Dreaming eventually led me to my husband, Lee. In many ways, we dreamed our way to one another. Together we built a life rich in experience and wonder, from the jungles of Mexico to Sausalito, Malibu, and the quiet beauty of our ranch in Tennessee.

Together with Veronica and Alberto Hernández, Lee and I helped bring The Dreaming House Teotihuacán into being. It is a sacred place where people gather to remember the power of dreaming.

Today, I continue that living tradition. I guide groups through the pyramids of Teotihuacán and share the practice of conscious dreaming at The Dreaming House, helping others remember that our lives can be dreamed into reality.

Whole Person Healing and Resilience

When I married Lee, he was already the owner of The Recovery Ranch in Tennessee, a place devoted to deep healing and renewal. During the course of our marriage, we went on to build and steward two more centers together, The Canyon in Malibu and The Integrative Life Center in Nashville. Lee was the visionary, the face, and the director of this work. I stood quietly beside him as a devoted supporter of the mission he carried forward.
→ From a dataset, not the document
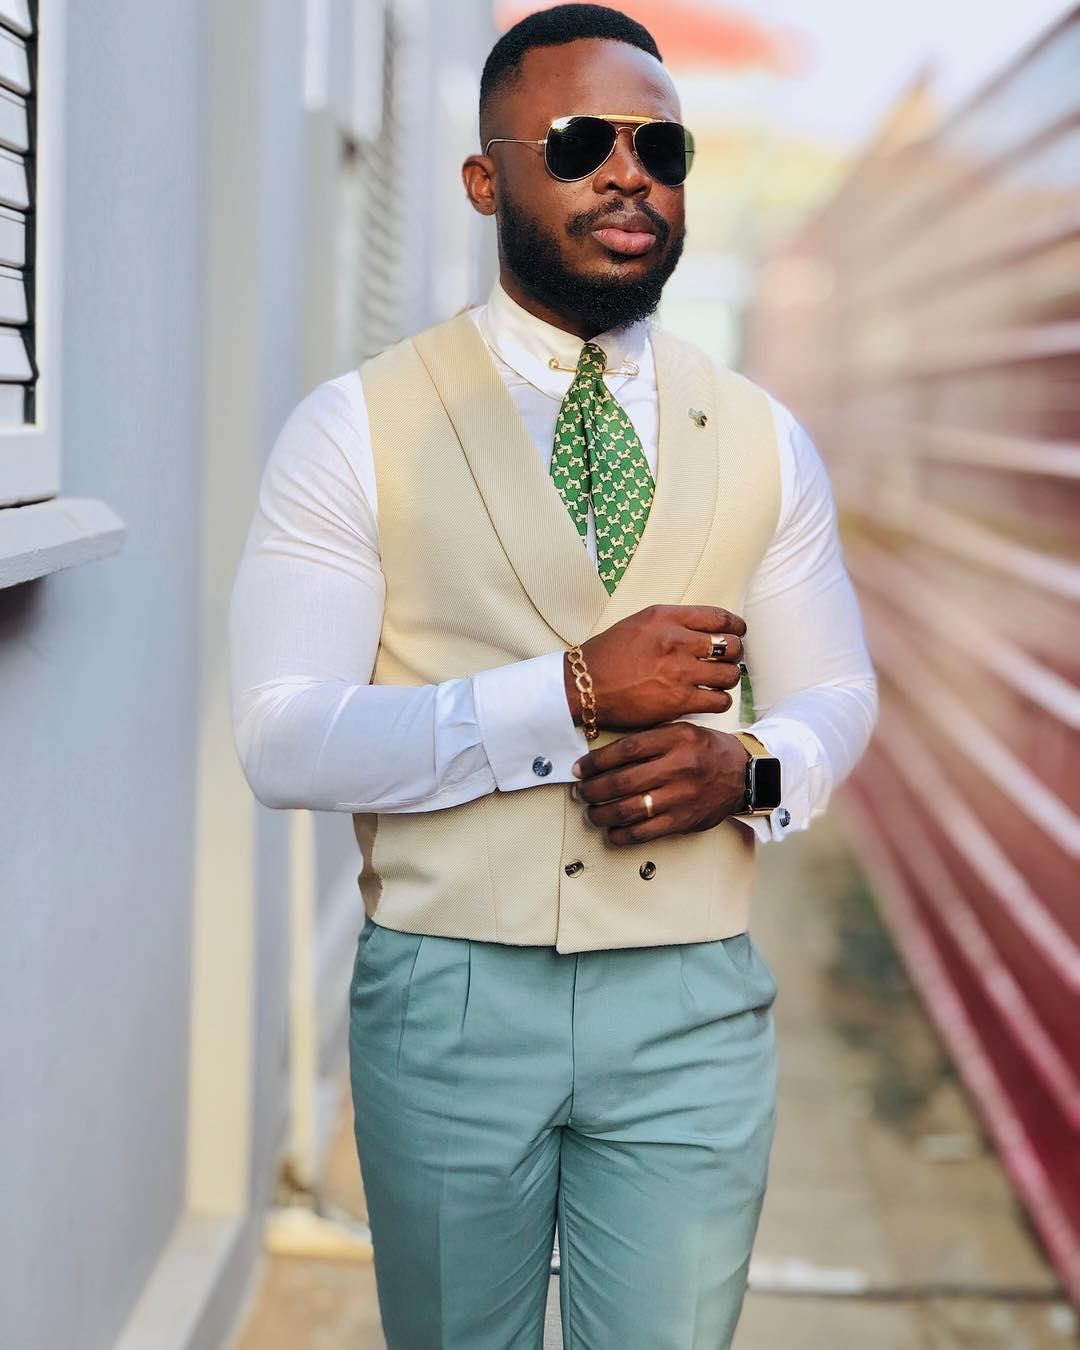 Nilson Lourenço - Se tirássemos os acessórios e talvez a gravata ele iria brilhar na mesma, pois a combinação de cores deste look está no pico da montanha! O alfinete no colarinho da camisa

Each center grew from the same guiding belief that true recovery embraces the whole person and that lasting healing touches body, mind, and spirit.
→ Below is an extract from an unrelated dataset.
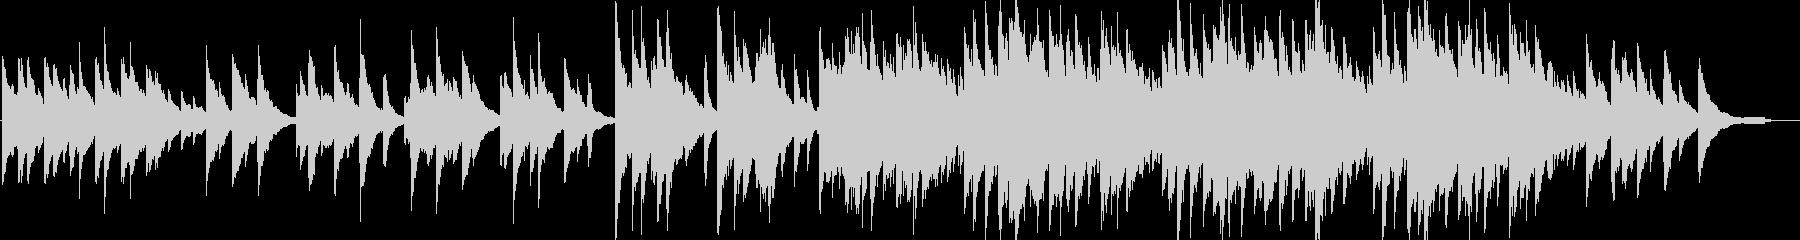 優しい・感動・ピアノ・イベント・映像用の未再生の波形

Along the way, I witnessed thousands of people reclaim their lives. I also became a mother of two daughters, and more recently, a widow. Loss and reinvention have walked beside me all my life. I know what it takes to fall apart and what it takes to create yourself again, both in the world and in the kitchen.

My story is full of those bits of loss and resilience, food and dreams, spirit and humor. They're what brought me here, and they're what I now share with you. 

 

I've learned that The Juicies Bits of life are rarely perfect.
They're the golden scraps at the bottom of the pan - the tender truths and messy moments that make us who we are. 
 
All of these experiences with food, dreaming, healing, loss, and love are what I call The Juicie Bits.